C’è un secondo elemento che il caso dei tre titoli di Izzo mette in evidenza, e che riguarda più direttamente i contesti periferici o territorialmente complessi: la comunicazione culturale non è neutra rispetto al luogo in cui avviene.

Aspettando Michelino – il titolo scelto per la data campana – non è soltanto più chiaro di Tutto esaurito. È anche più prossimo. Usa un nome proprio che parla direttamente a un pubblico meridionale, che evoca il registro della commedia familiare partenopea, che crea un senso di riconoscimento immediato. È un titolo che riduce la distanza tra l’opera e il suo pubblico potenziale.

Nei territori dove costruire pubblico è già una sfida quotidiana – dove la cultura dal vivo compete con l’indifferenza, con la mancanza di abitudine, con la difficoltà logistica – ogni elemento di comunicazione ha un peso specifico maggiore. Una locandina confusa, un titolo ambiguo, un’informazione che non arriva nel modo giusto: tutto questo si traduce in poltrone vuote. E le poltrone vuote, in certi contesti, non sono un dato statistico. Sono la differenza tra un progetto culturale che regge e uno che smette di esistere.

La prossimità culturale nel titolo non è una concessione al gusto popolare. È una strategia di inclusione. È il riconoscimento che il pubblico non è un’entità astratta e omogenea, ma un insieme di persone con storie, codici linguistici, riferimenti specifici – e che comunicare con efficacia significa parlare a quelle persone, non a un pubblico ideale che non esiste.

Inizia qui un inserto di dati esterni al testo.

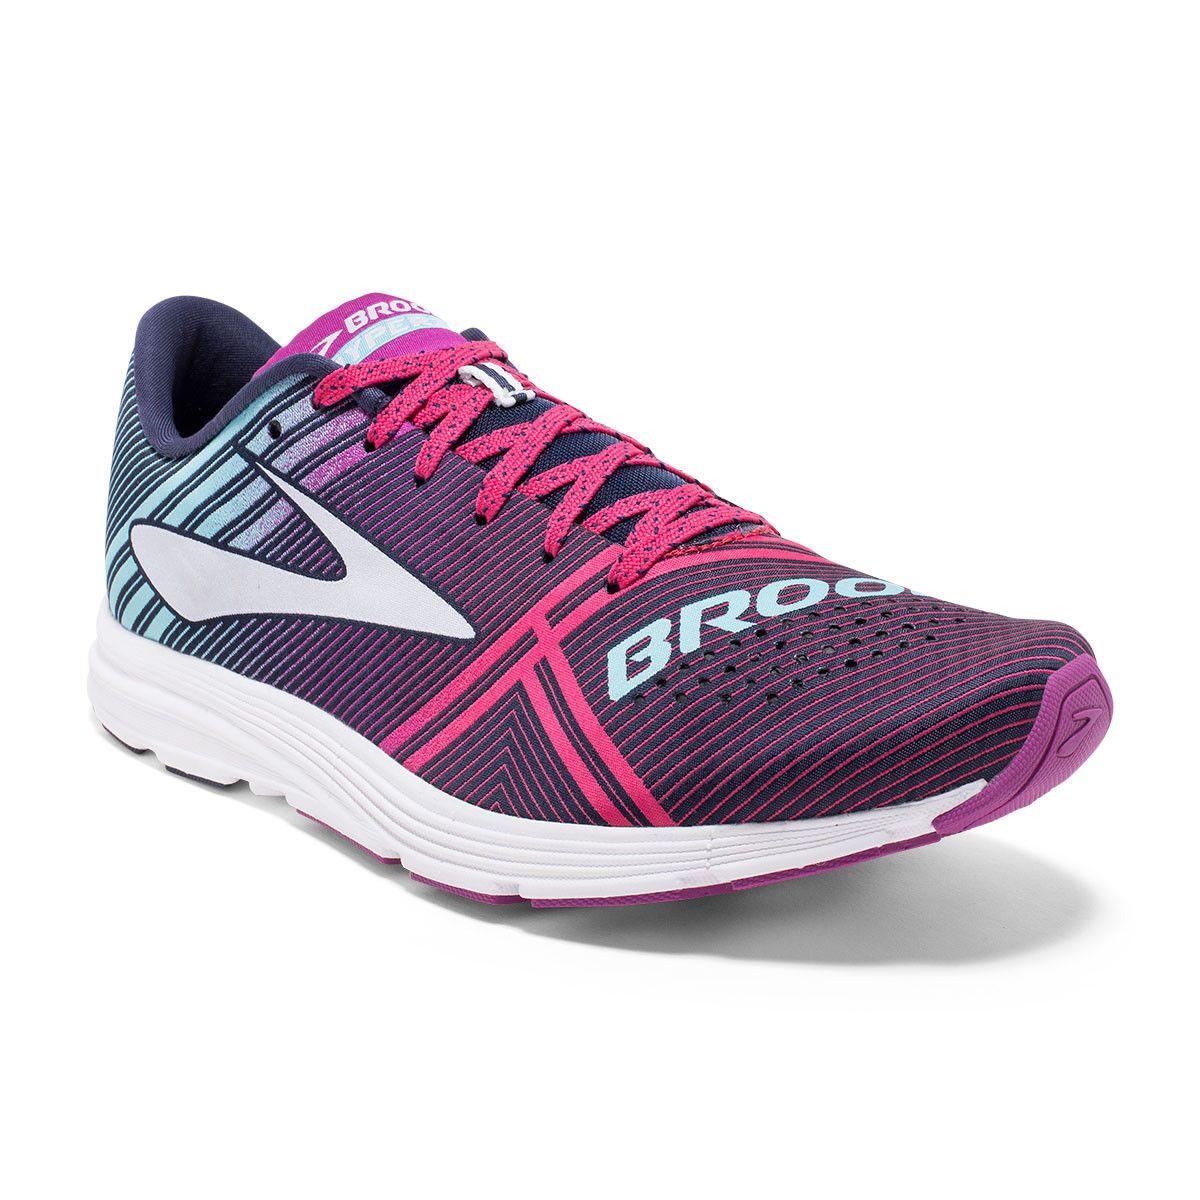 c01fdbbc6c3 Hyperion Brooks running shoes

Verso una comunicazione culturale consapevole

Il punto non è scegliere tra creatività e accessibilità, come se fossero alternative incompatibili. Il punto è riconoscere che la comunicazione culturale è essa stessa una pratica creativa, che richiede competenze specifiche, attenzione al contesto, capacità di modulare il registro in funzione del pubblico e del territorio.

Troppo spesso, nelle istituzioni culturali come nelle produzioni indipendenti, la comunicazione viene trattata come un’attività residuale – qualcosa che si fa dopo, con le risorse che avanzano, delegata a chi è disponibile piuttosto che a chi è competente. Il risultato è una sistematica dispersione di energie artistiche e produttive in cui opere di valore non trovano il pubblico che meriterebbero, non per mancanza di interesse, ma per fallimento comunicativo.

Il caso dei tre titoli di Biagio Izzo – nella sua apparente semplicità – è un piccolo manuale di quello che andrebbe fatto: riconoscere che il titolo è parte integrante della comunicazione, che quella comunicazione cambia a seconda del contesto, e che adattarla non è una concessione ma una scelta professionale.

L’ironia funziona solo quando viene capita. Il gioco di parole vale solo se chi lo legge ha il tempo e la disponibilità di fermarcisi sopra. Quando invece il pubblico scorre veloce e decide in fretta, la comunicazione deve essere chiara prima di essere brillante.

Meglio una risata in meno nel titolo che una persona in meno in platea. Non è una rinuncia. È una priorità.